Большое волшебство (Гилберт) - страница 69

Я предлагаю вам попытаться проделать этот трюк дома.

Я и сама иногда его проделываю, когда чувствую себя совершенно никчемной и бестолковой, так что начинает казаться, что воображение навсегда меня покинуло. Я подхожу к зеркалу и строго говорю: «Ну, и как же воображению от тебя не спрятаться, Гилберт? Полюбуйся, на кого ты похожа!»

Потом я начинаю чистить перышки. Первым делом стягиваю проклятую резинку с сальных волос. Сбрасываю несвежую пижаму и отправляюсь под душ. Потом брею – не бороду, конечно, но хотя бы ноги. Надеваю что-нибудь пристойное. Чищу зубы, умываю лицо. Даже крашу губы, хотя я никогда не хожу с накрашенными губами. Расчищаю письменный стол от барахла, открываю окно настежь, могу даже зажечь ароматизированную свечу. Иногда, не поверите, я вспоминаю о духах! Я не пользуюсь ими даже по торжественным случаям, но готова надушиться ради того, чтобы обольстить и вернуть собственное творческое начало. (Коко Шанель: «У женщины, которая не пользуется духами, нет будущего».)

Я всегда стараюсь напоминать себе, что у меня роман с вдохновением, я хочу, чтобы и ему захотелось закрутить со мной, а это вряд ли получится, когда неделями слоняешься по квартире в футболке мужа, потому что дело не идет и руки опускаются. Я собираюсь, «наряжаюсь с ног до головы» (словами Тристрама Шенди) – и возвращаюсь к работе. Это срабатывает без осечек. Признаюсь как на духу – будь у меня пудреный парик XVIII века, как у Тристрама, я иногда надевала бы и его.

«Играй роль, пока роль не станет тобой» – вот в чем хитрость.

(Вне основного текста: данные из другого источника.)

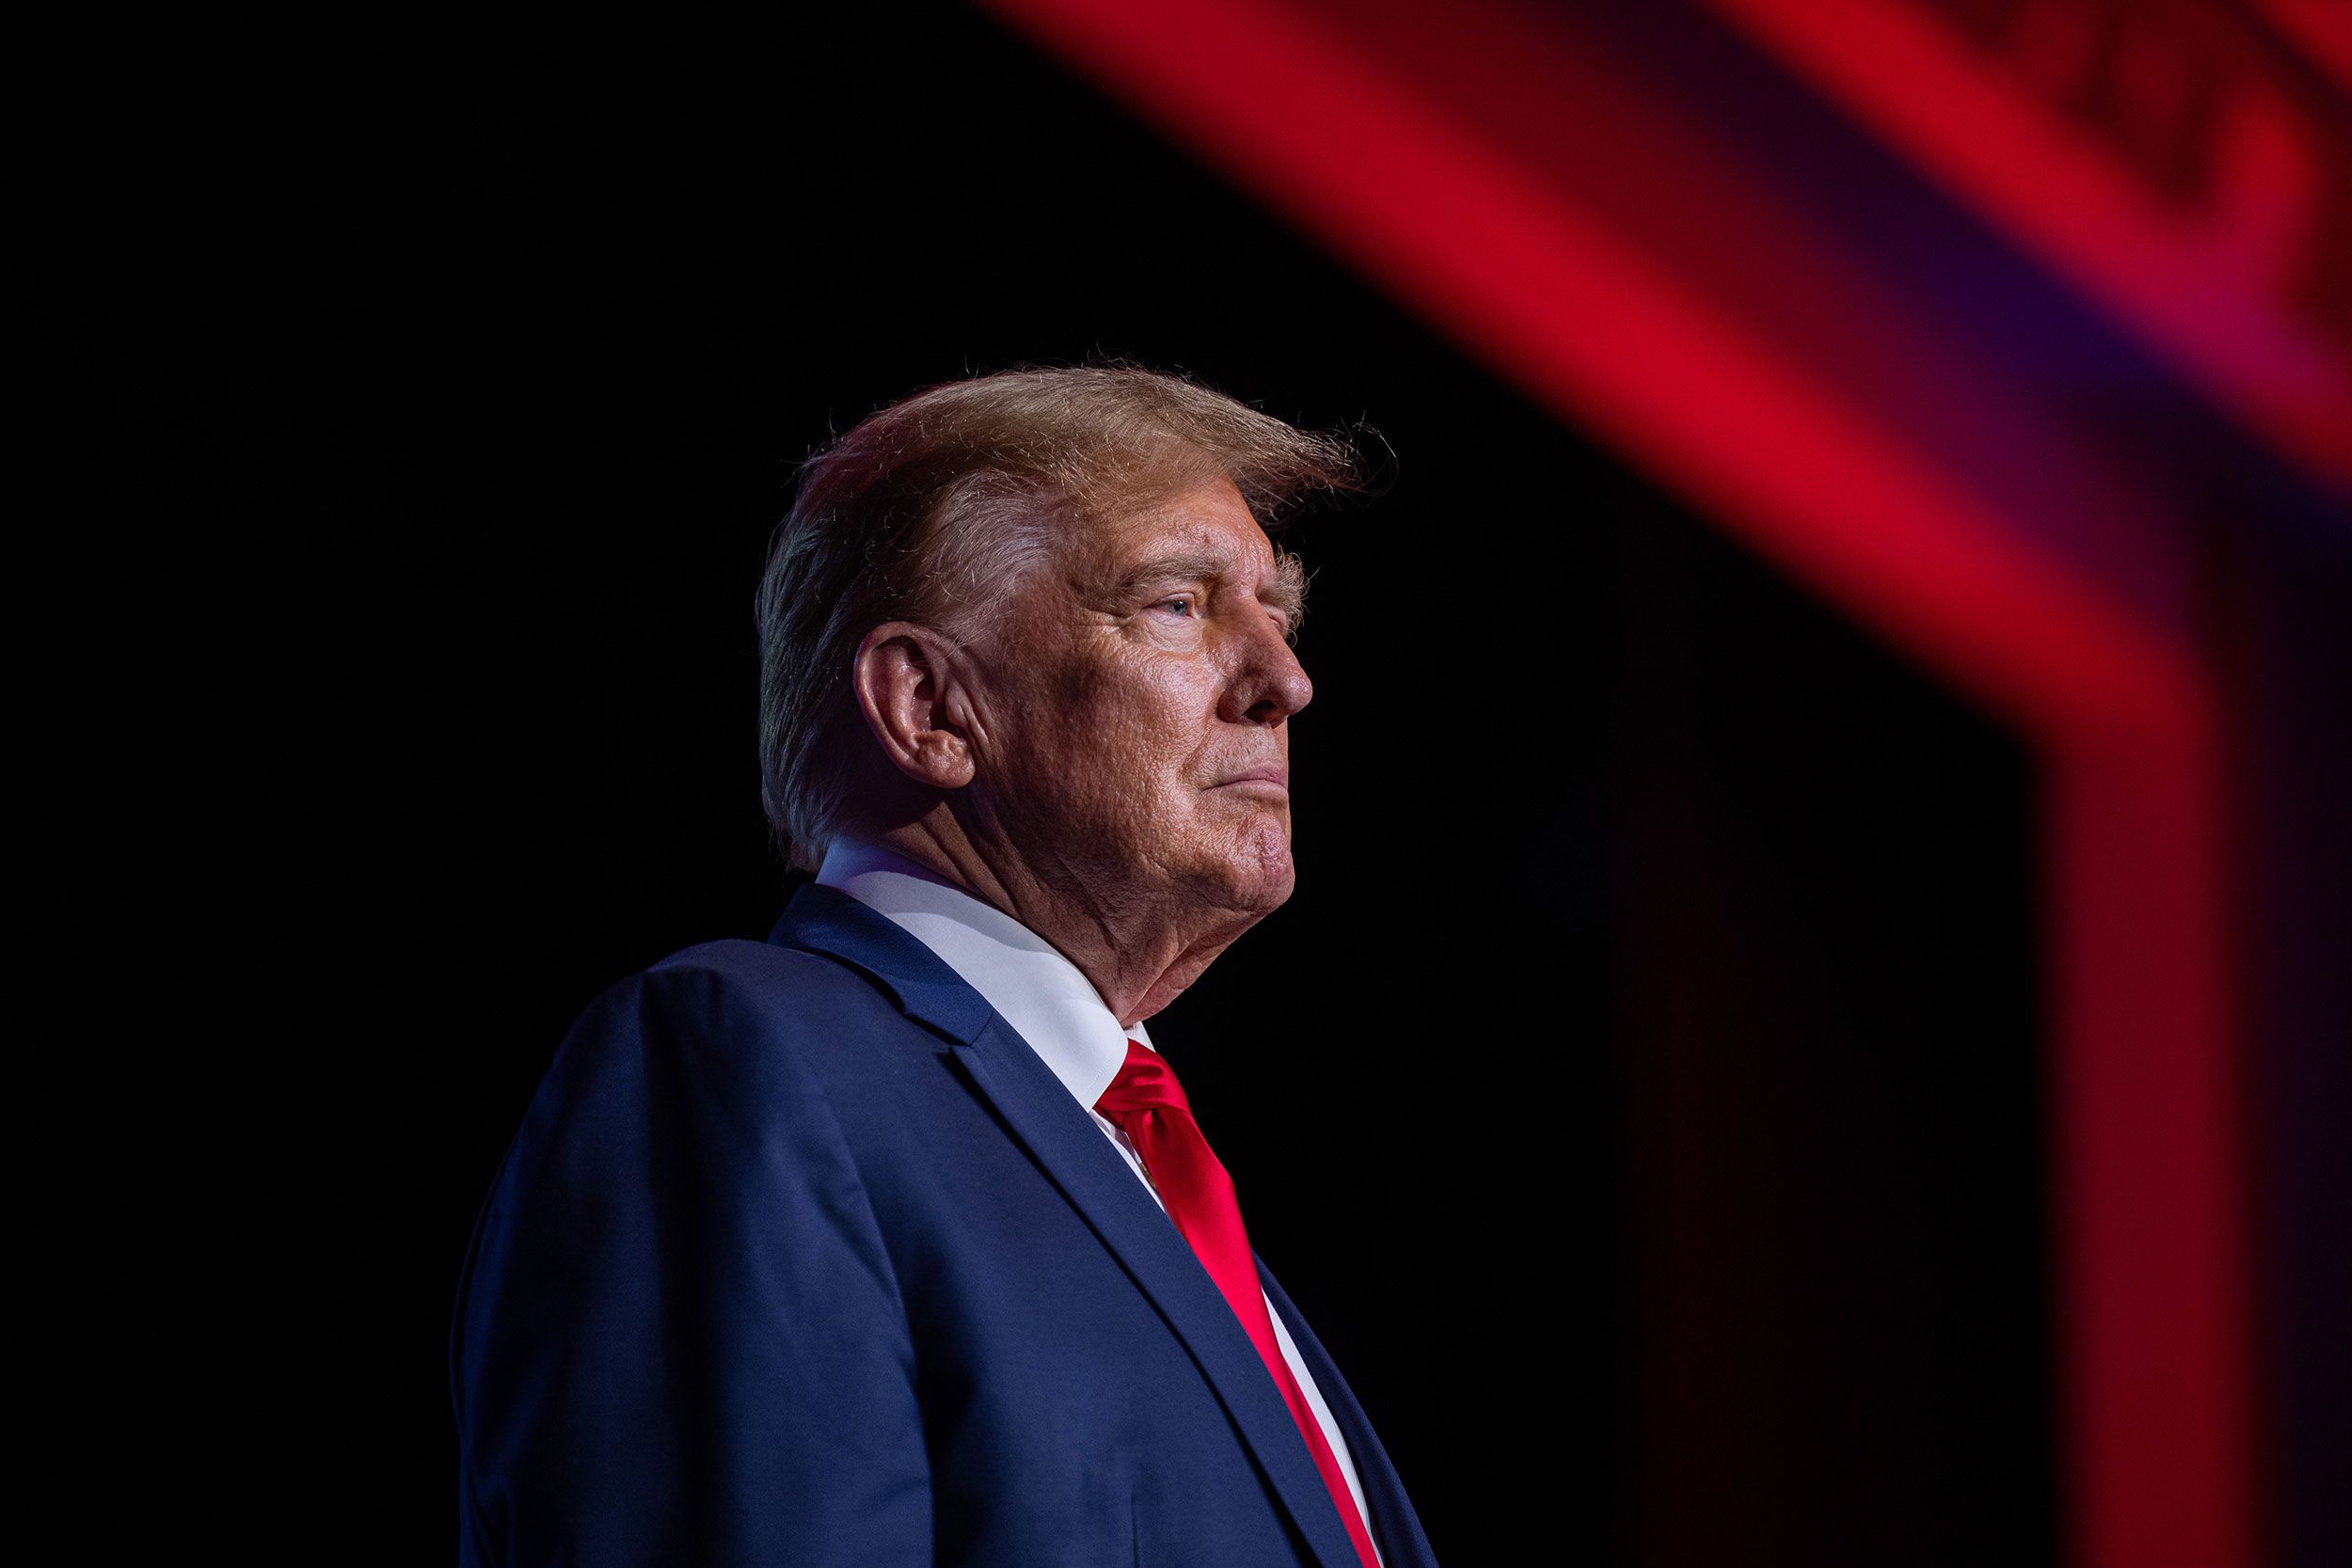 Former President Donald Trump stands on stage during the 2024 NRB International Christian Media Convention Presidential Forum at The Gaylord Opryland Resort and Convention Center on February 22 in Nashville, Tennessee.

«Оденься понаряднее, если хочешь писать» – то же самое, но другими словами.

Обольсти Магию творчества, и она непременно к тебе вернется – прилетит, как ворон, привлеченный яркой, блестящей вещицей.

Страх на высоких каблуках

Однажды я влюбилась в одаренного молодого человека, бывшего, я уверена, куда более талантливым писателем, чем я сама. Ему не было и тридцати, когда он отказался от мысли стать писателем, потому что никак не получалось перенести свои мысли на бумагу в точности так, как они складывались у него в голове. Это раздражало его и выбивало из колеи. Он не хотел осквернять сверкающий идеал, существующий в воображении, перенося его на бумагу в виде несовершенного подобия.

Пока я корпела над своими робкими, неуклюжими рассказиками, этот блестящий юноша отказывался написать хоть слово. Он и меня стыдил за эти пробы пера. Неужели, говорил он, эти кошмарные результаты не причиняют тебе боли и не кажутся позором? Подразумевалось, что он наделен более совершенным чувством художественного вкуса и интуиции. Любое несовершенство – даже его собственное – ранило чувствительную душу. Он считал свое решение никогда не писать книг проявлением благородства – зачем, если эта книга не станет великой?